=== Section Start ===

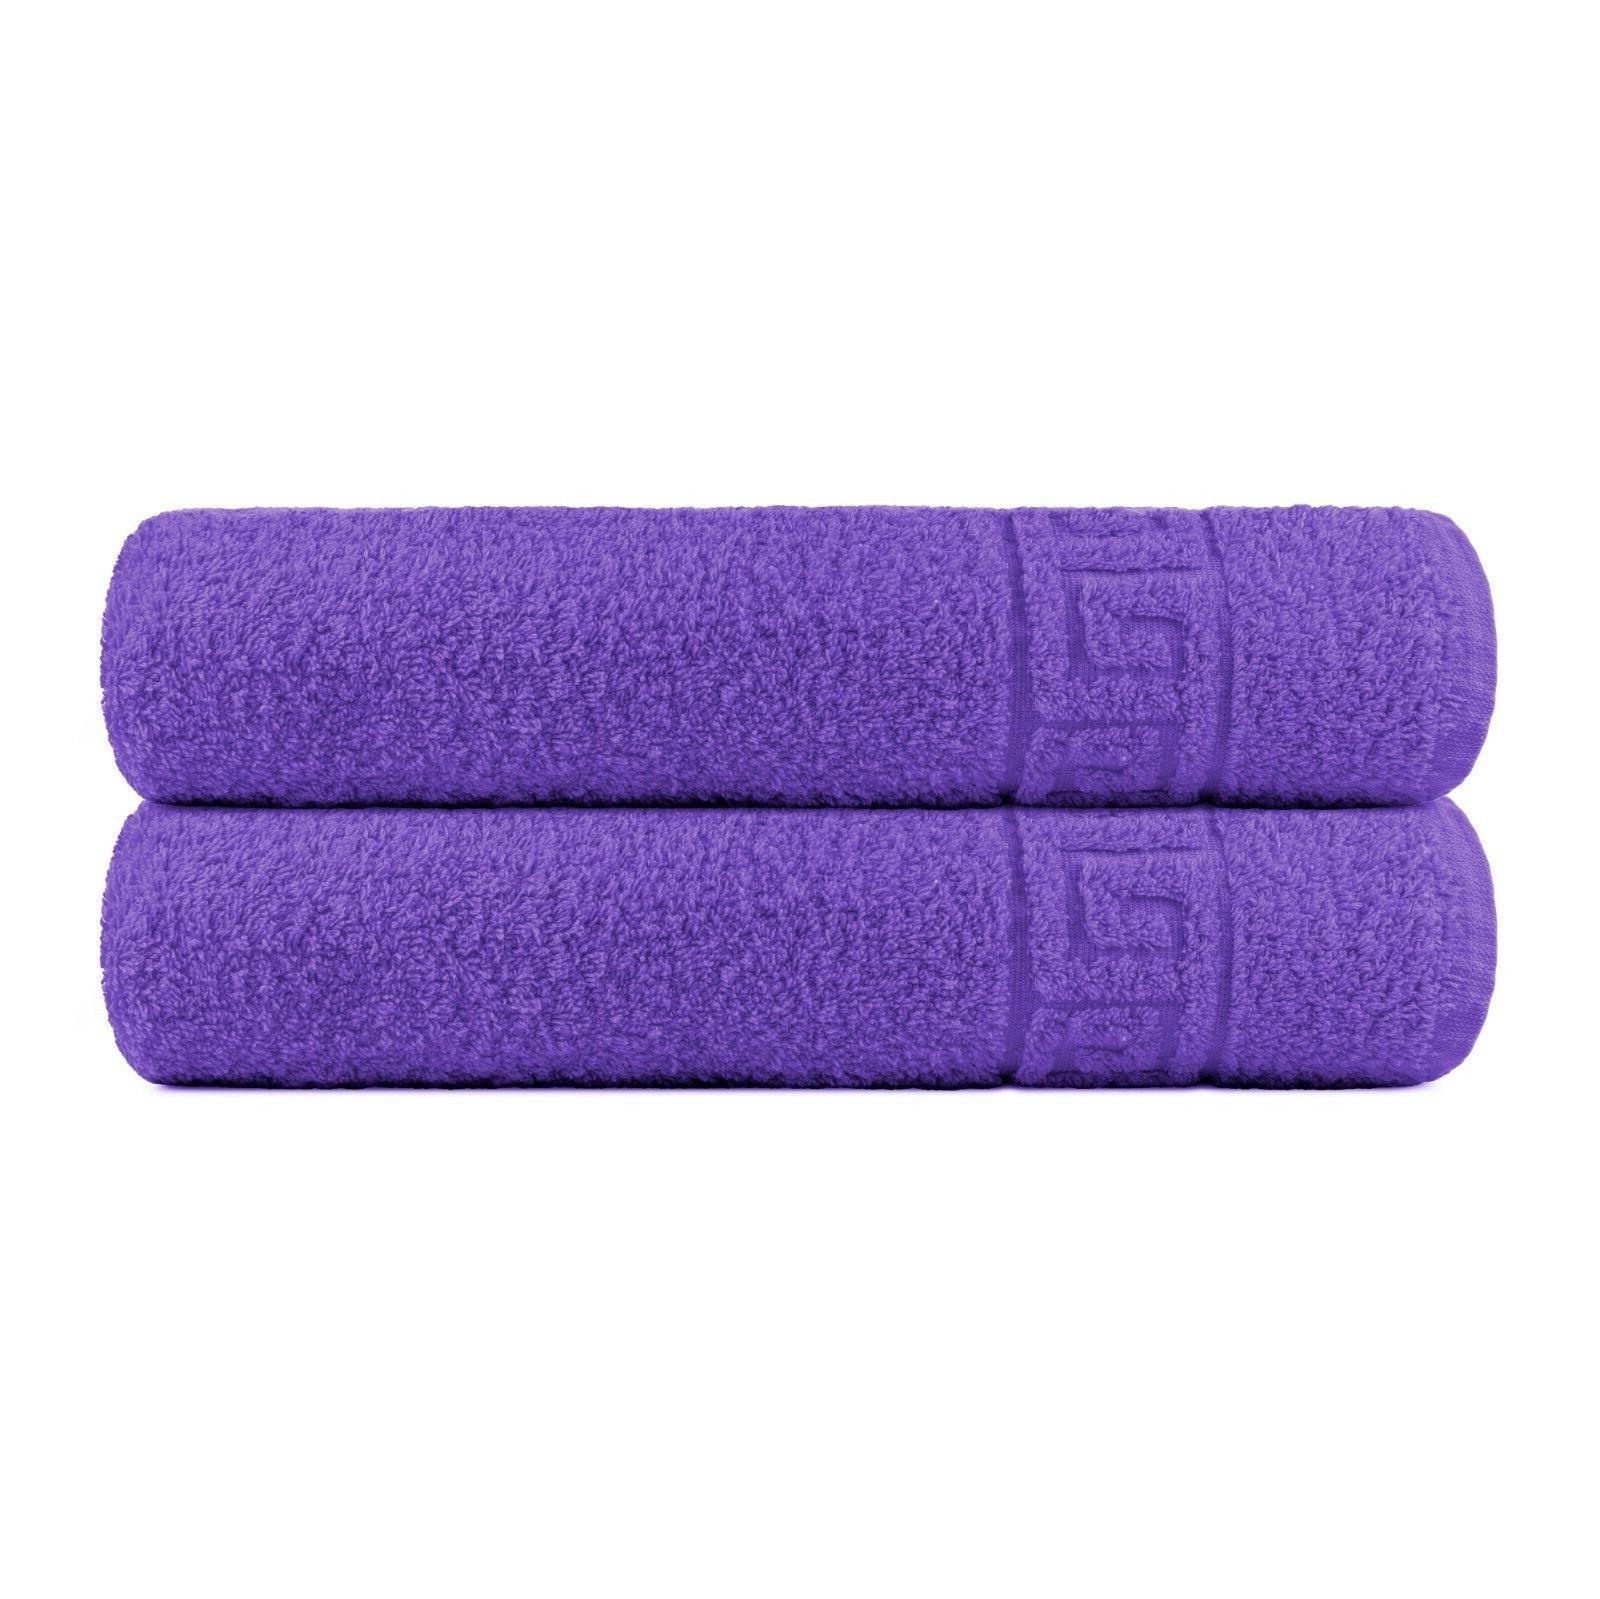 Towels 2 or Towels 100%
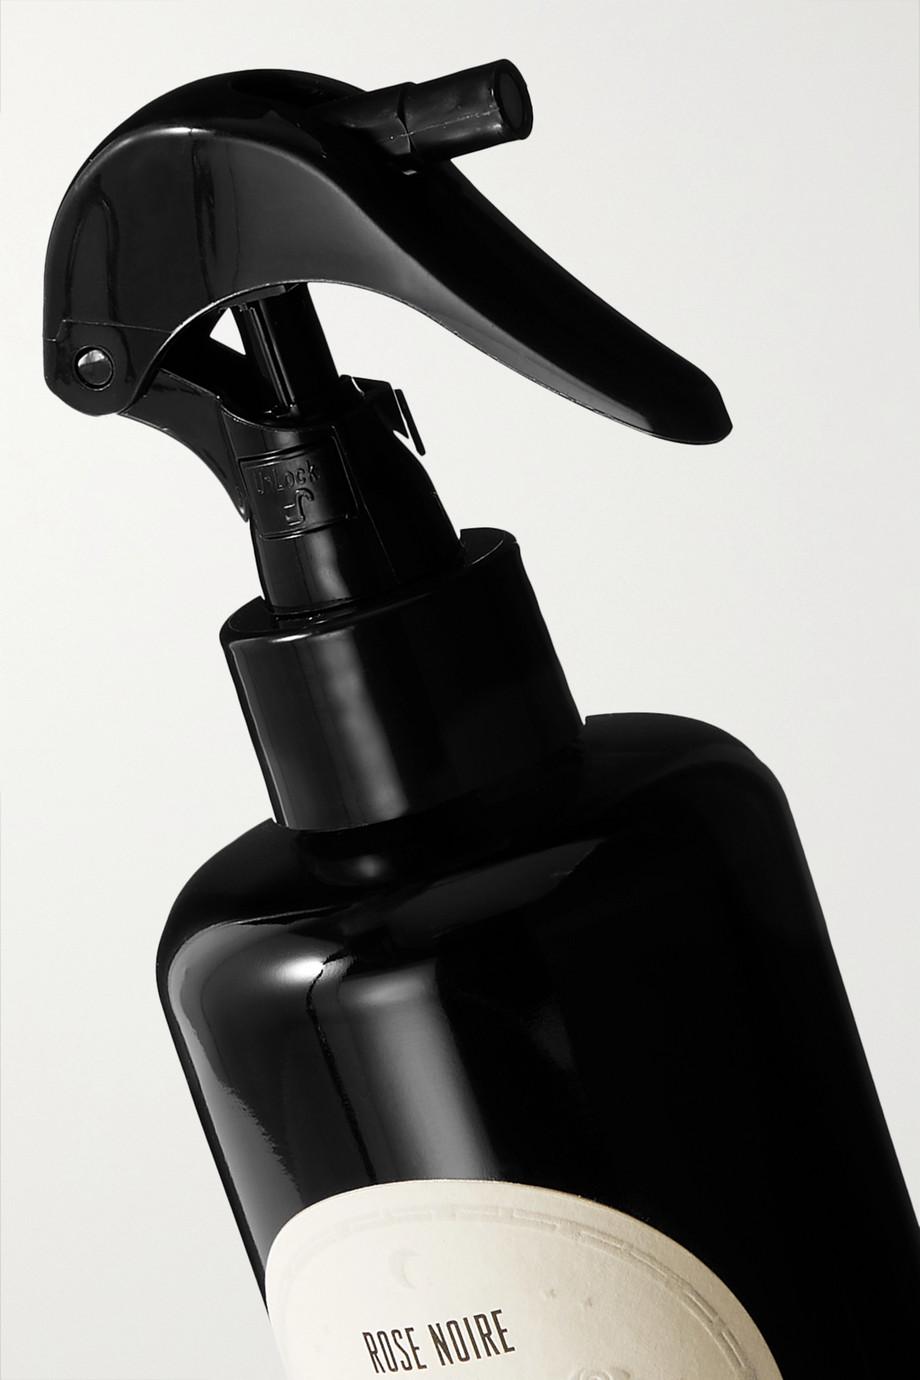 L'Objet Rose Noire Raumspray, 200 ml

=== Section End ===
=== Section Start ===

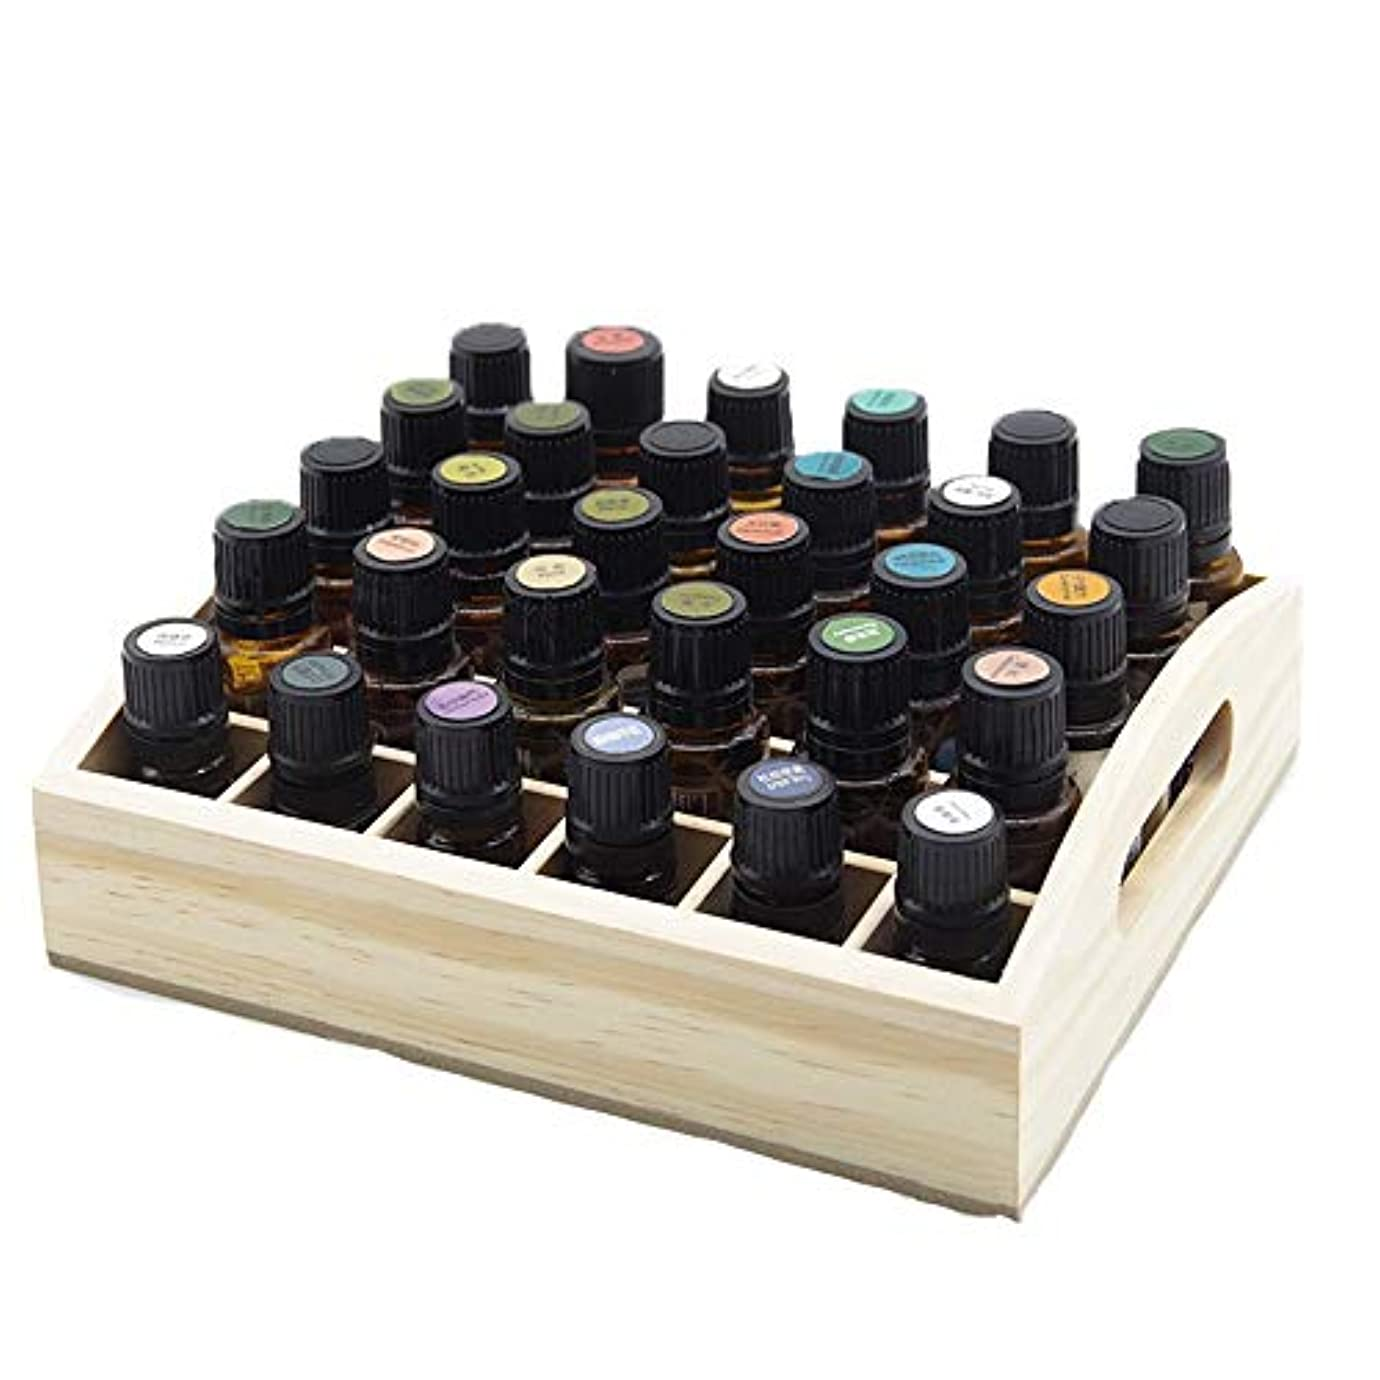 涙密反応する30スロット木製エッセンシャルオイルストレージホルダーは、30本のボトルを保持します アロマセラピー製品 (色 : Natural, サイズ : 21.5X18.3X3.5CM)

=== Section End ===

▶ [YOUR GOAL]
Copy the entries above exactly, but only the stretch from the line containing "Towels 2 or Towels 100%" through the line containing "L'Objet Rose Noire Raumspray, 200 ml". Keep both end lines; drop the pictures.

▶ [RESPONSE TO THIS TASK]
 Towels 2 or Towels 100%
 L'Objet Rose Noire Raumspray, 200 ml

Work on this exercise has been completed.